• _Your goal_
Please write out every line of the material, leaving out any picture.
Records to use: Begin
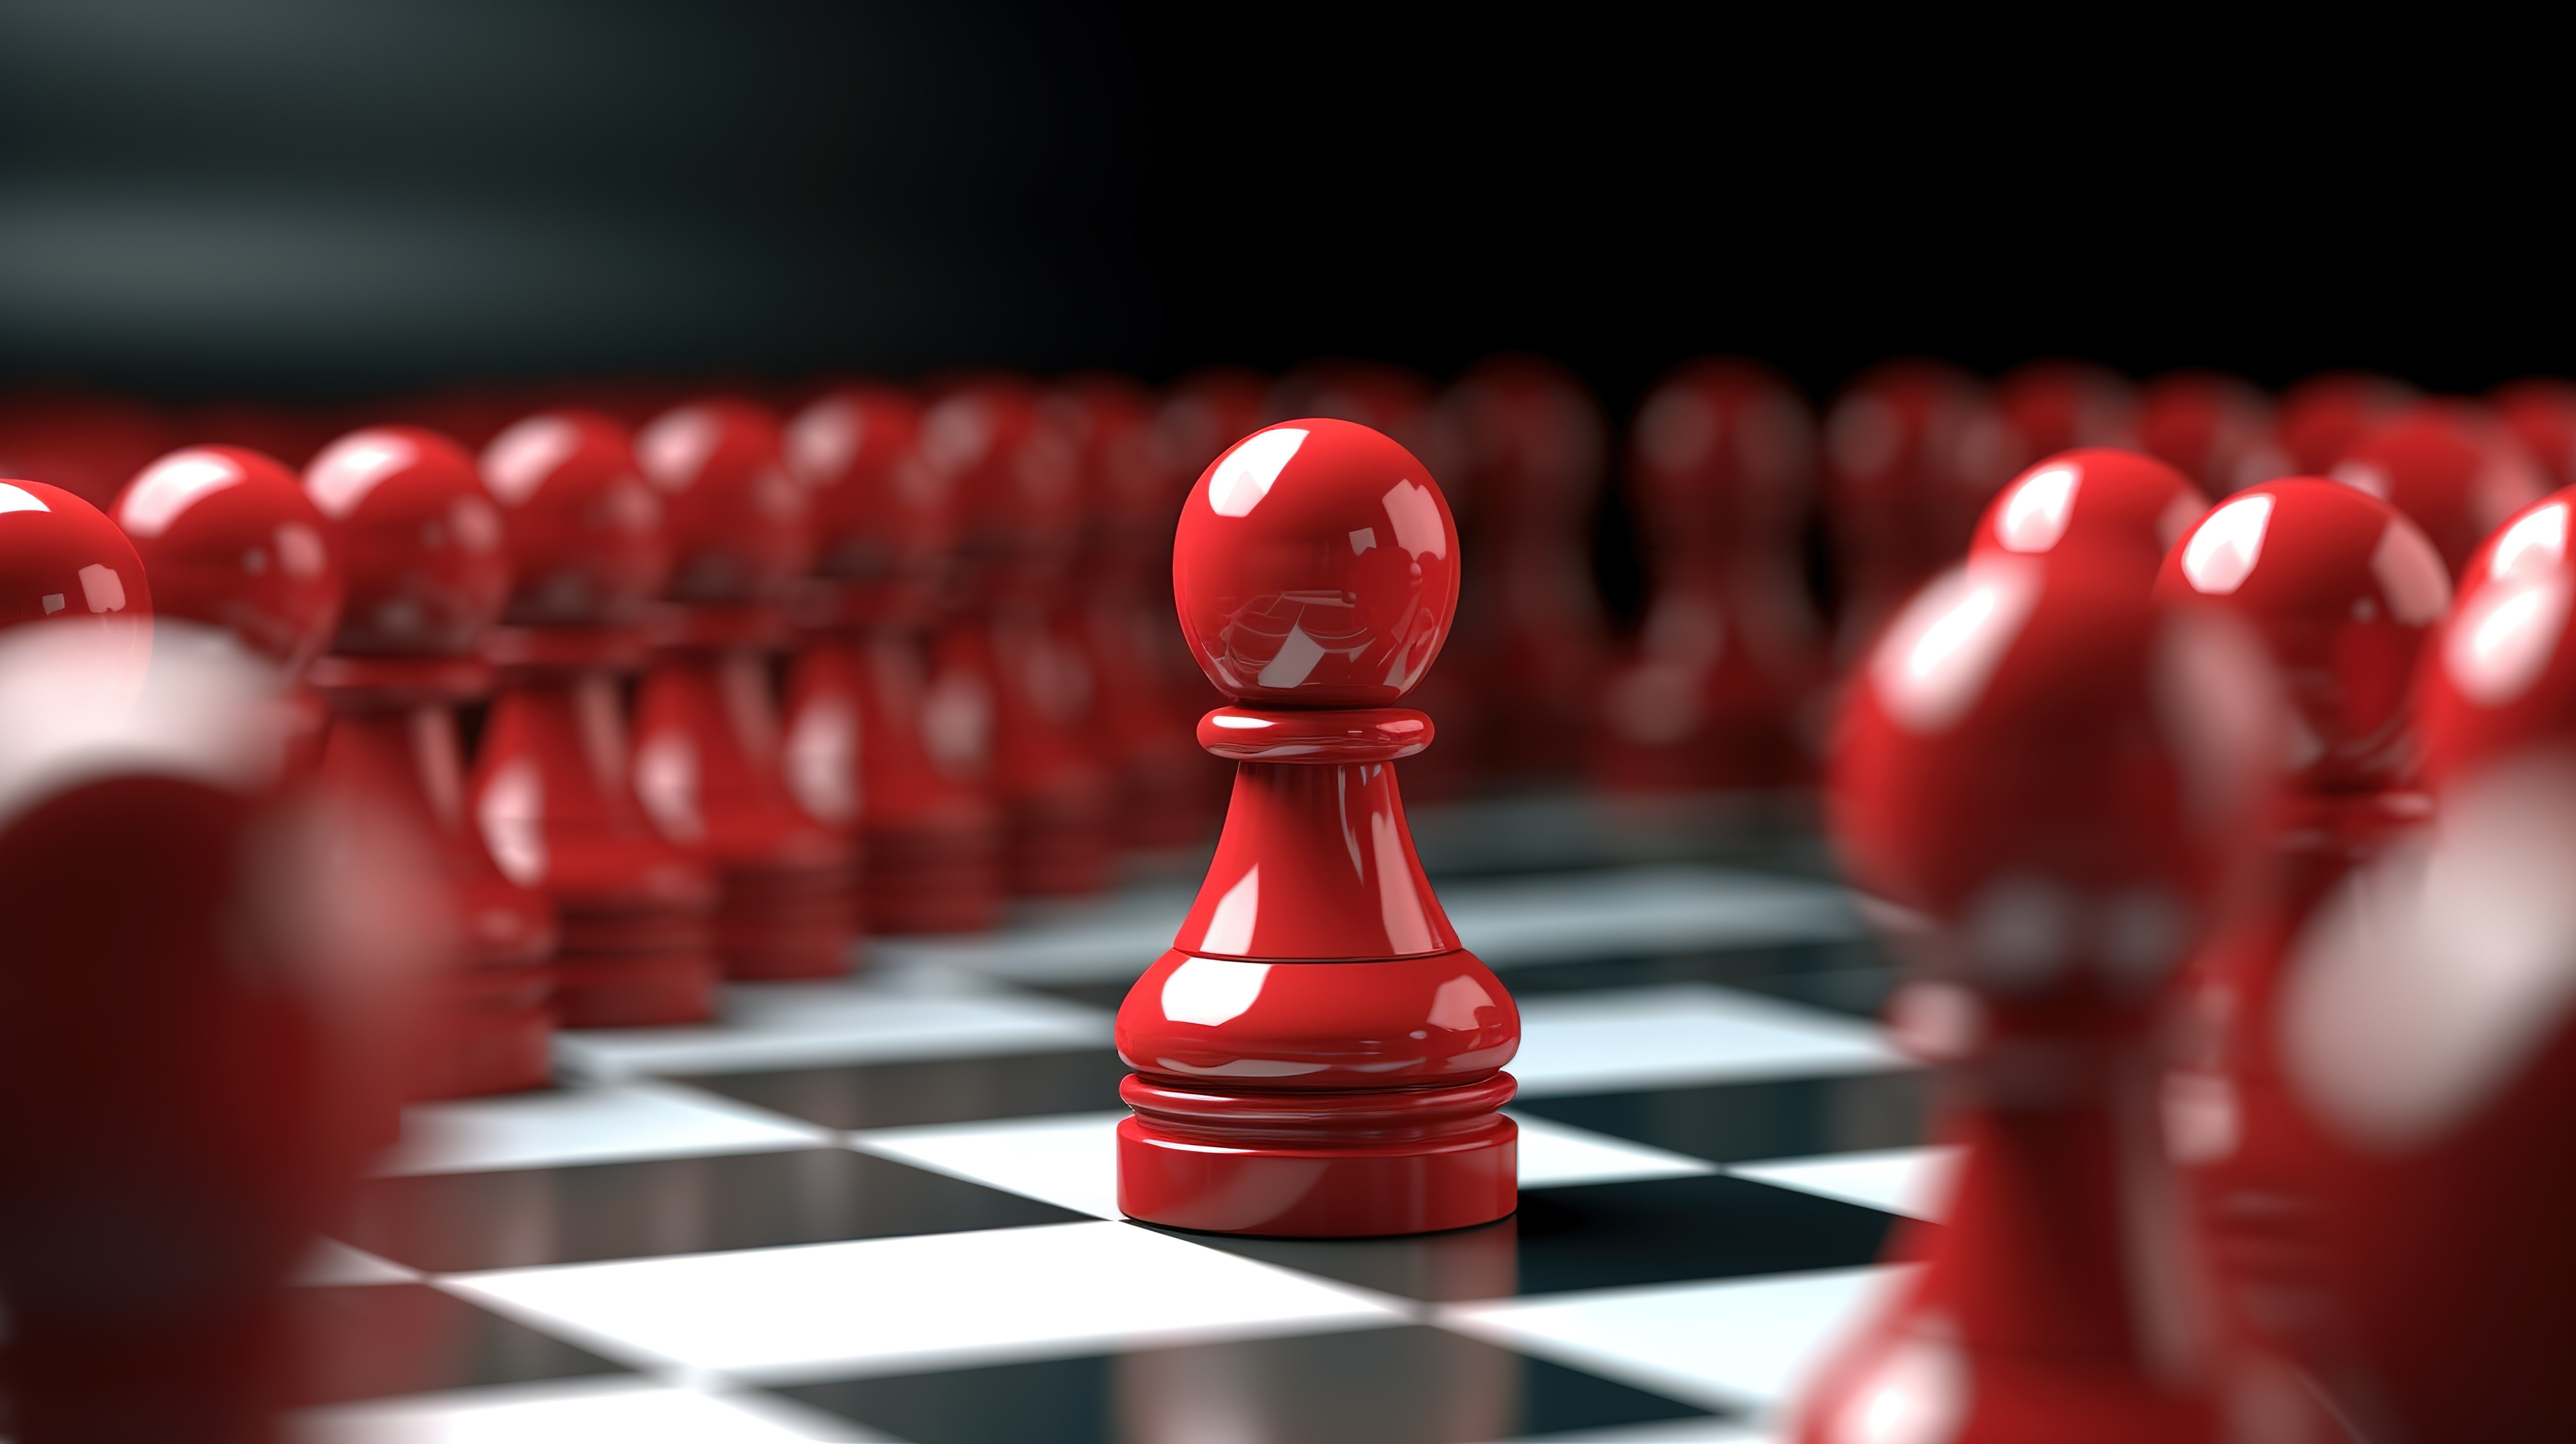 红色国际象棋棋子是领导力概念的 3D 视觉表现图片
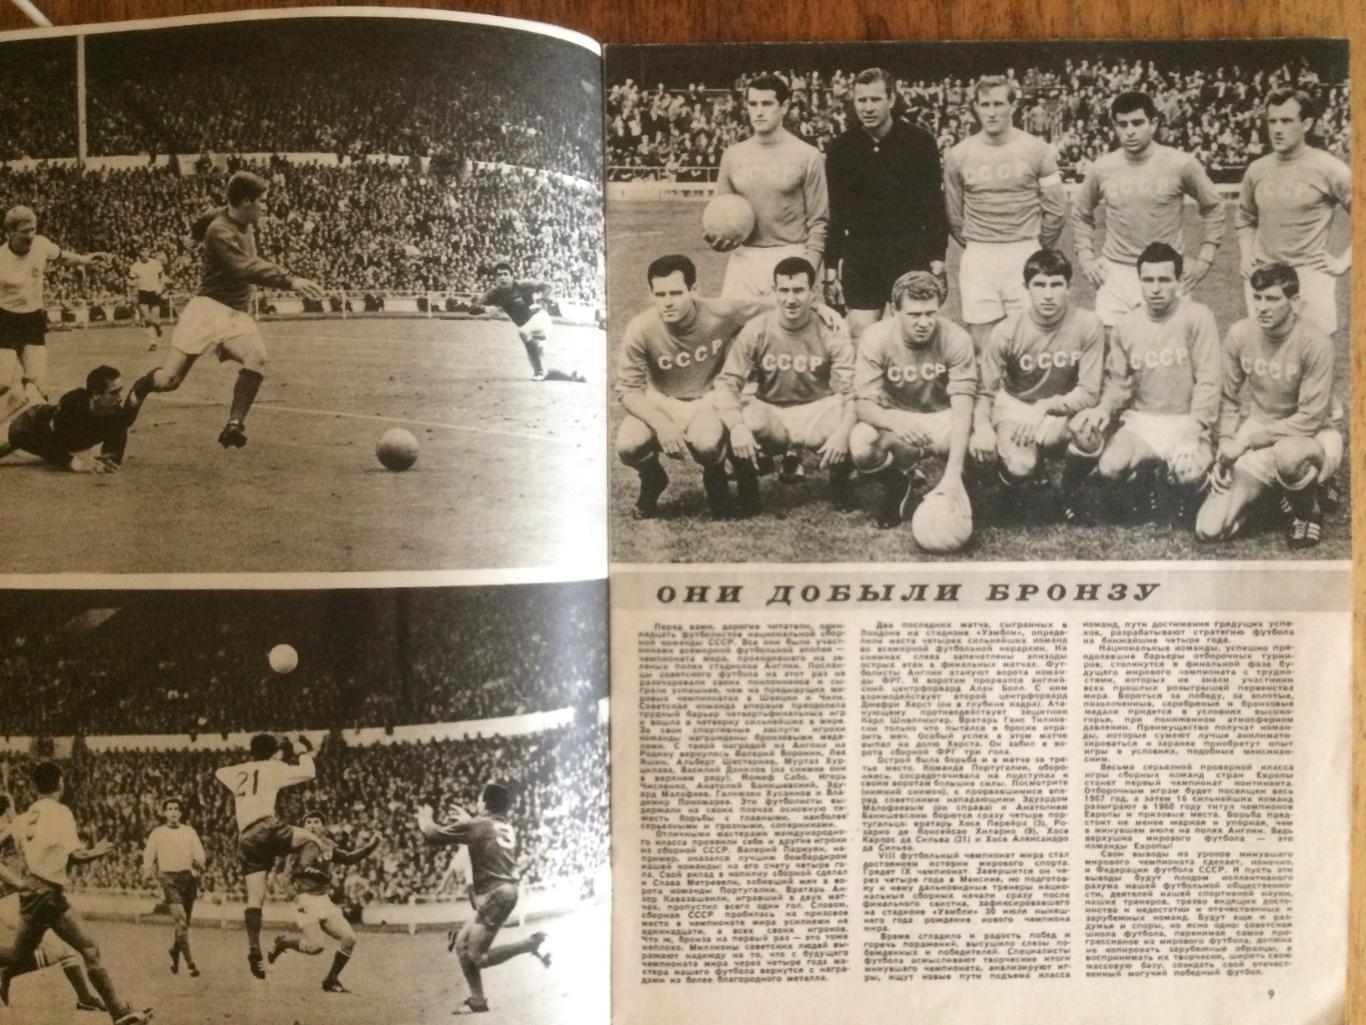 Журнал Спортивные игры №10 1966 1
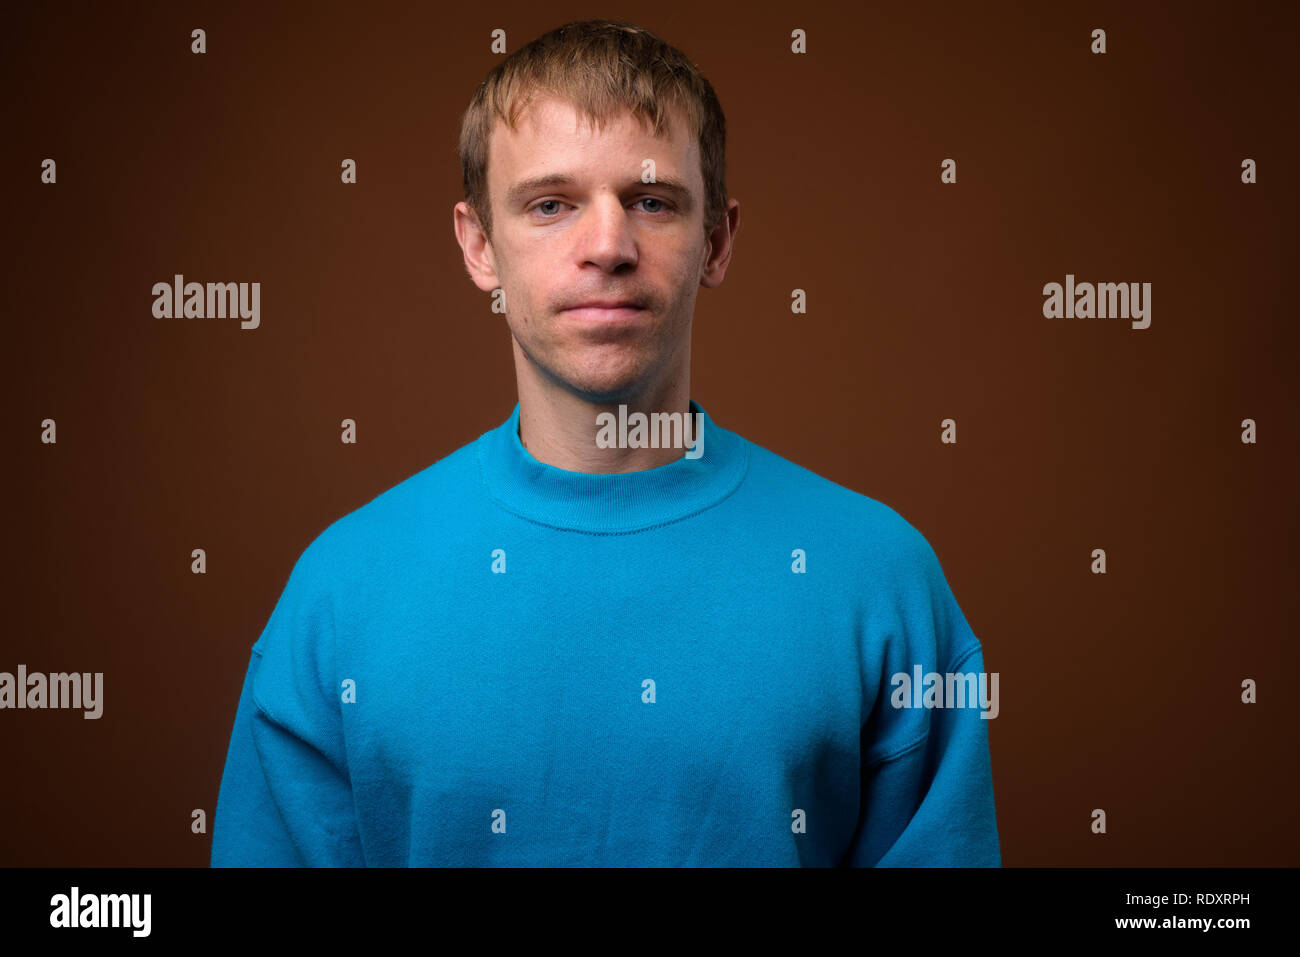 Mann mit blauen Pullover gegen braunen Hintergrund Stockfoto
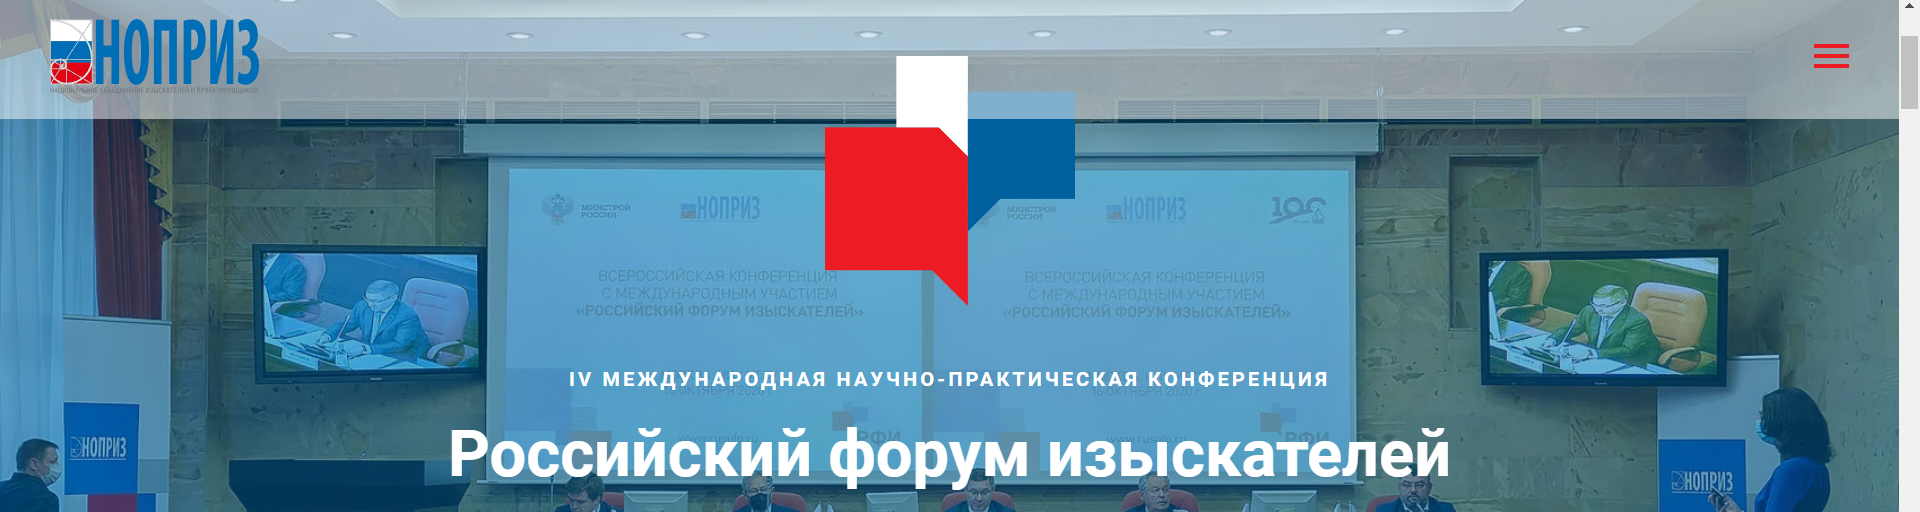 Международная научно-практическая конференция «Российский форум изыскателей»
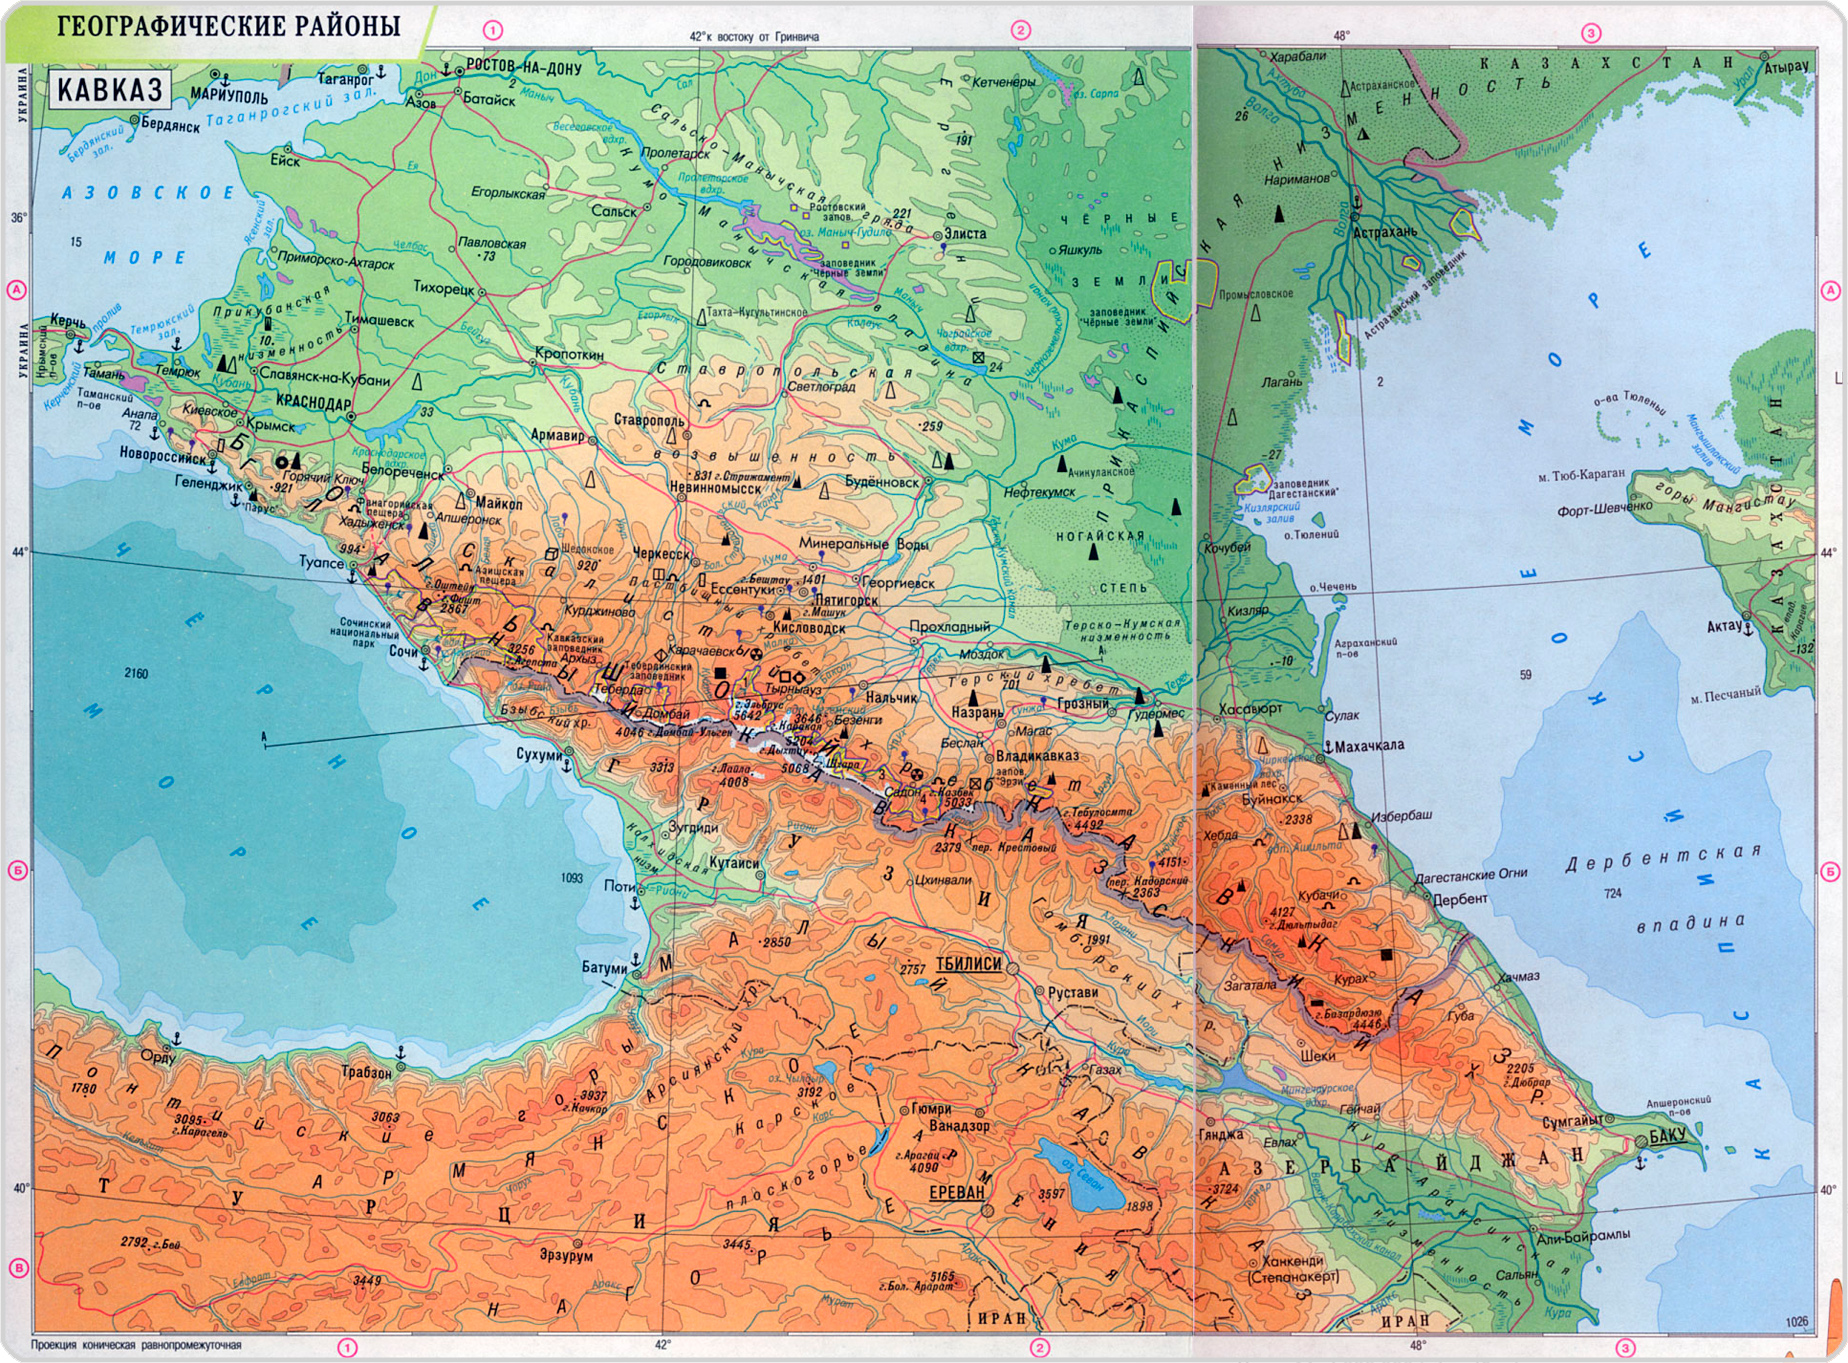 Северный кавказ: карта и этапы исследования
Records to use: End
• _Response to this exercise_
 红色国际象棋棋子是领导力概念的 3D 视觉表现图片
 Журнал Спортивные игры №10 1966 1
 Mann mit blauen Pullover gegen braunen Hintergrund Stockfoto
 Международная научно-практическая конференция «Российский форум изыскателей»
 Северный кавказ: карта и этапы исследования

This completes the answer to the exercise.